In robotics, the term “manipulator” has traditionally had a very broad definition, referring not only to robots used for repositioning or modifying physical objects but also to robot arms generally, even when used in non-contact applications such as automated optical inspection. Increasingly, robotic manipulators are being used for tasks where their motion must adapt to changing conditions as perceived via cameras or other sensors.

An example of perception-driven manipulation is unstructured picking, where the robot might be tasked with picking a variety of objects whose positions are not known in advance. This requires modules to detect a given object, determine its pose, compute a suitable grasp (dependent on the installed gripper), plan a trajectory to bring the gripper to the desired pose while avoiding collisions, execute the planned trajectory, grasp the object, and finally plan a trajectory to the desired place point, all in real time. More challenging scenarios might require the planner to adapt to a changing environment where the presence and positions of obstacles also vary.
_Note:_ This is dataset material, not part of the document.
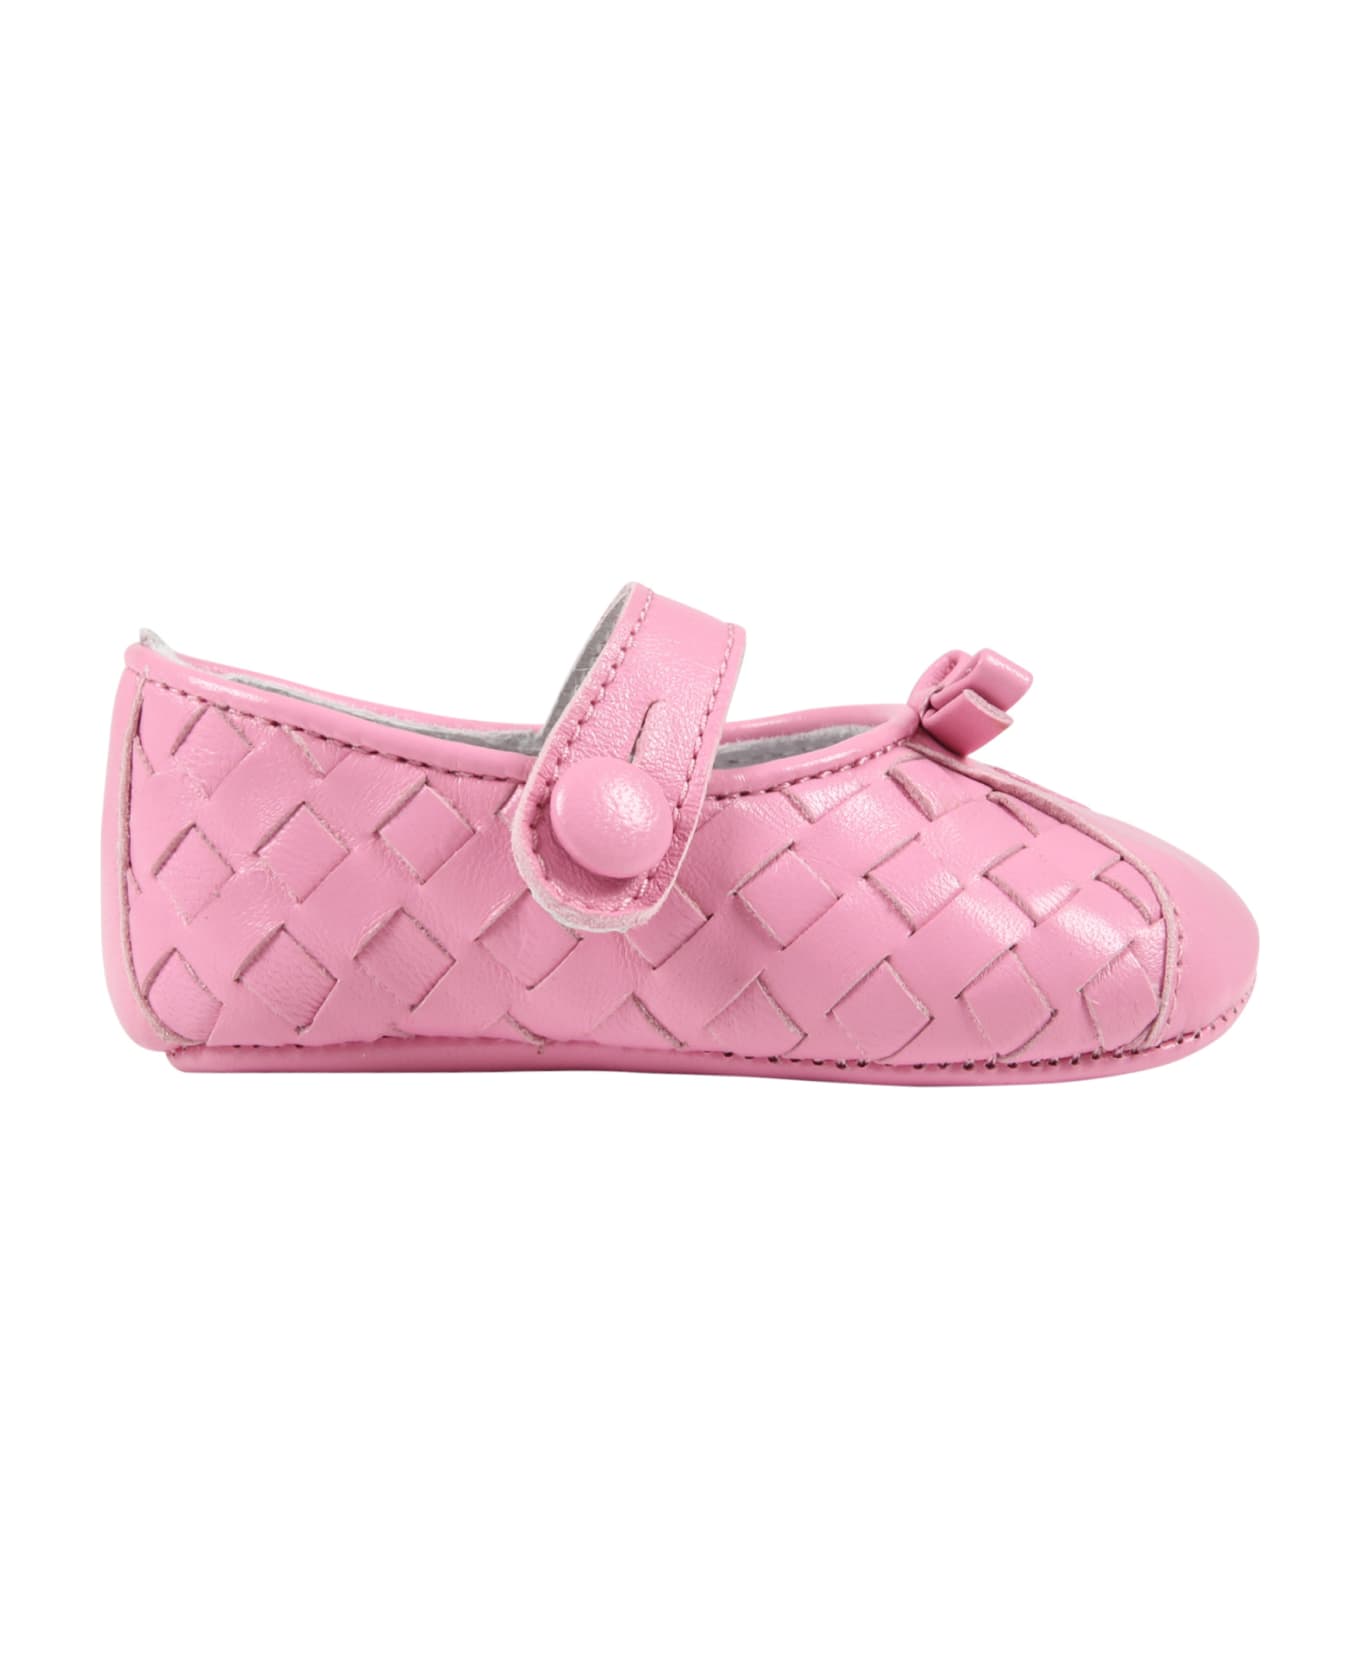 Gallucci Pink Ballet Flats For Baby Girl - Pink

Isaac Manipulator consists of a set of components and reference workflows for advanced perception-driven manipulation. These components include state-of-the-art packages for object detection and object pose estimation, as well as obstacle-aware motion generation, described in more detail below.

NVIDIA cuMotion

NVIDIA cuMotion is a software package for computing optimal-time, minimal-jerk trajectories for serial robot arms. It is capable of avoiding collisions with obstacles represented as a set of cuboids, meshes, signed distance fields (computed from one or more depth image streams using nvblox), or any combination of the three. cuMotion leverages NVIDIA hardware acceleration to compute such trajectories in a fraction of a second on Jetson AGX Orin or tens of milliseconds on a discrete GPU such as RTX 6000 (Ada Generation).

In the current release, the planning capabilities of cuMotion are exposed via a plugin for MoveIt 2. In addition, a ROS 2 node is provided that uses the current joint configuration of the robot to perform segmentation in order to filter out the robot from a depth image, as needed to reconstruct obstacles in the environment without spurious contributions from the robot itself.
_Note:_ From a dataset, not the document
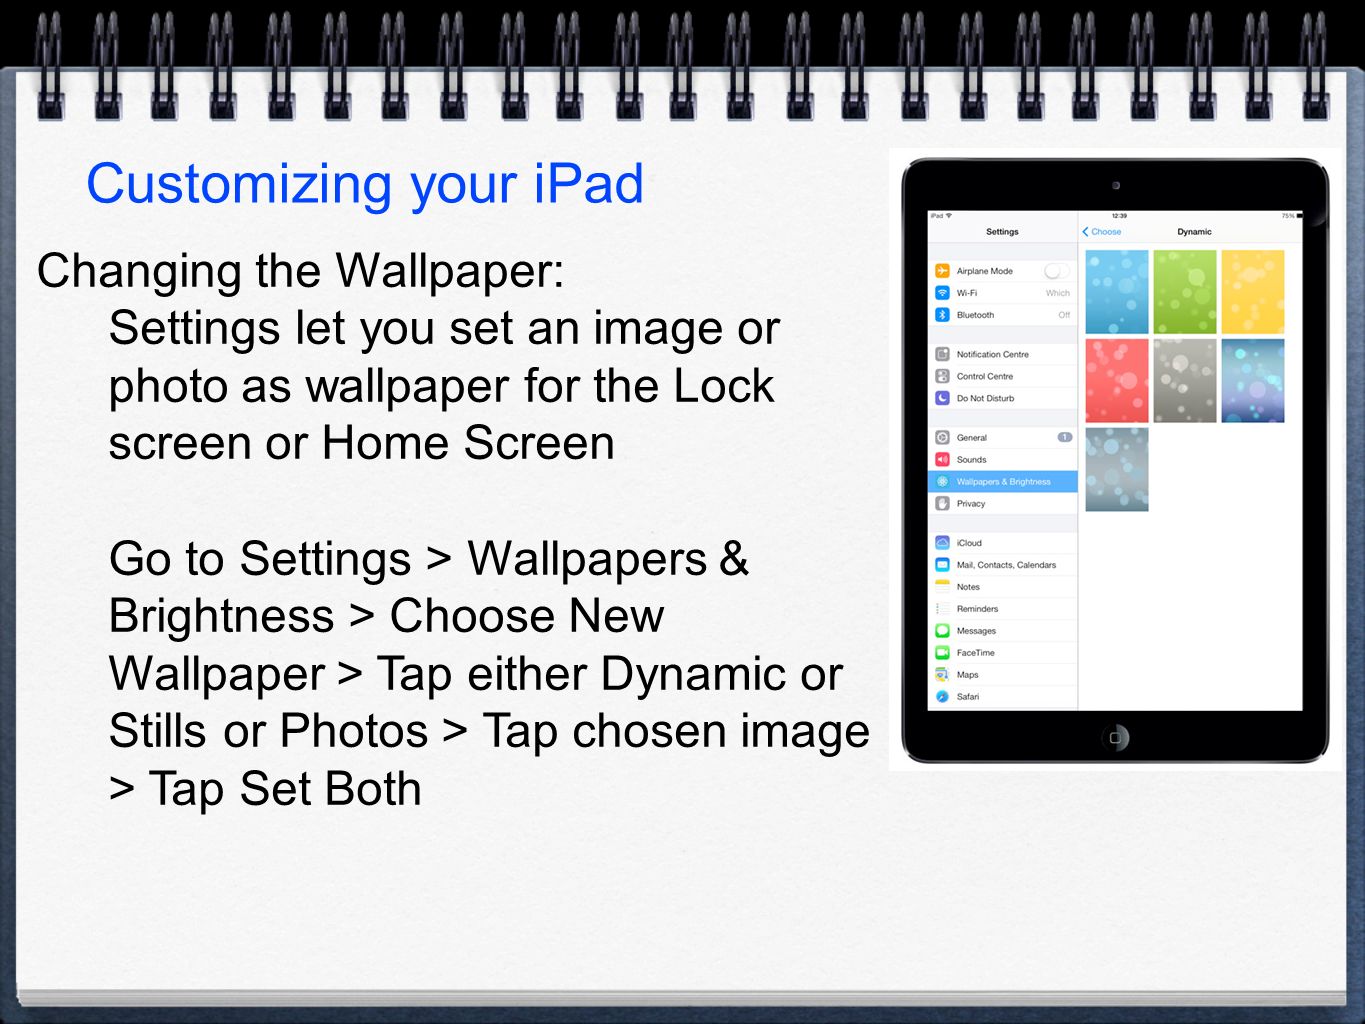 Customizing your iPad Changing the Wallpaper: Settings let you set an image or photo as wallpaper for the Lock screen or Home Screen Go to Settings > Wallpapers & Brightness > Choose New Wallpaper > Tap either Dynamic or Stills or Photos > Tap chosen image > Tap Set Both

cuMotion incorporates technology developed by NVIDIA Research and leverages the cuRobo library internally.

See Isaac ROS cuMotion for more on cuMotion and instructions for getting started.

Robot Configuration

In order to generate motion or perform segmentation for a given robot, cuMotion requires two files:

  1. A universal/unified robot description format (URDF) file, describing basic kinematics.
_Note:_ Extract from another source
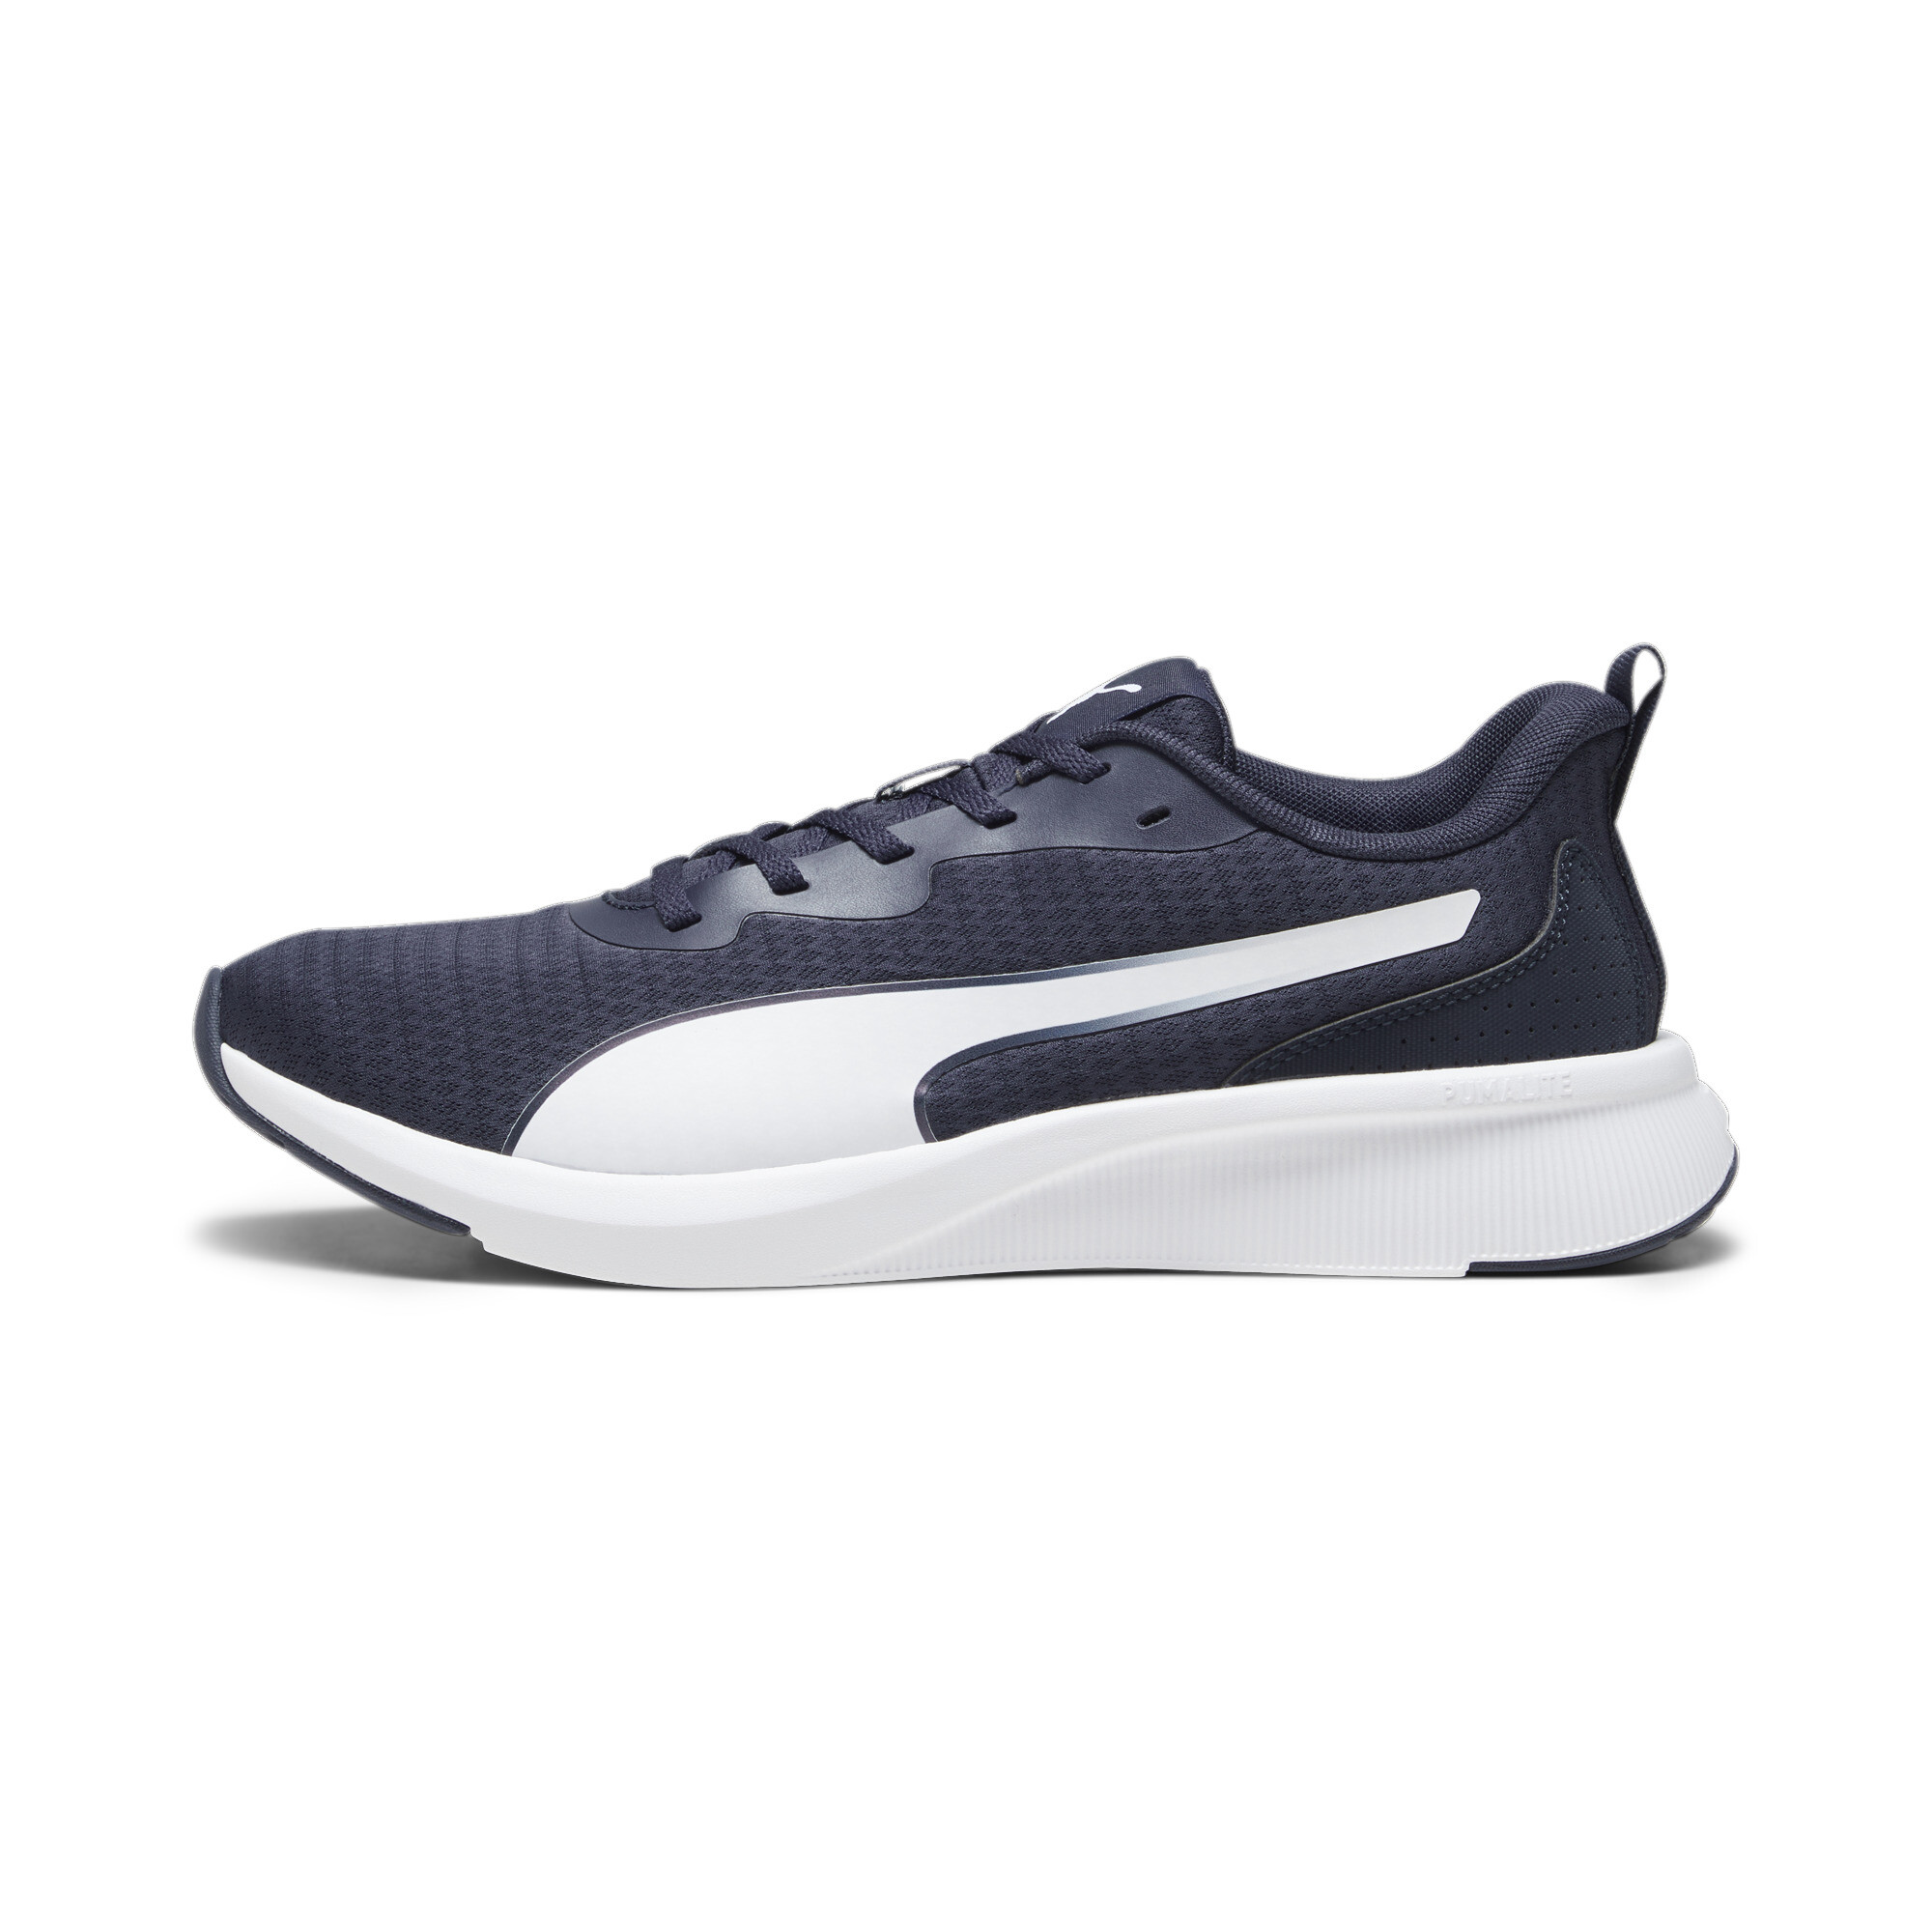 Puma Flyer Lite Running Shoes, Blue, Size 44.5, Shoes

  2. An extended robot description format (XRDF) file, supplementing the URDF file with collision geometry (as a set of collision spheres), a definition of the configuration space (c-space) used for planning, potential modifiers to the URDF file, and other such data.

See the following specification for details on XRDF.

For convenience, Isaac Sim 4.0 and later includes a visual Robot Description Editor with XRDF support.


In the current release, isaac_ros_cumotion also accepts robot description files in a legacy cuRobo format, but this support will be discontinued in a future release. Please use XRDF instead.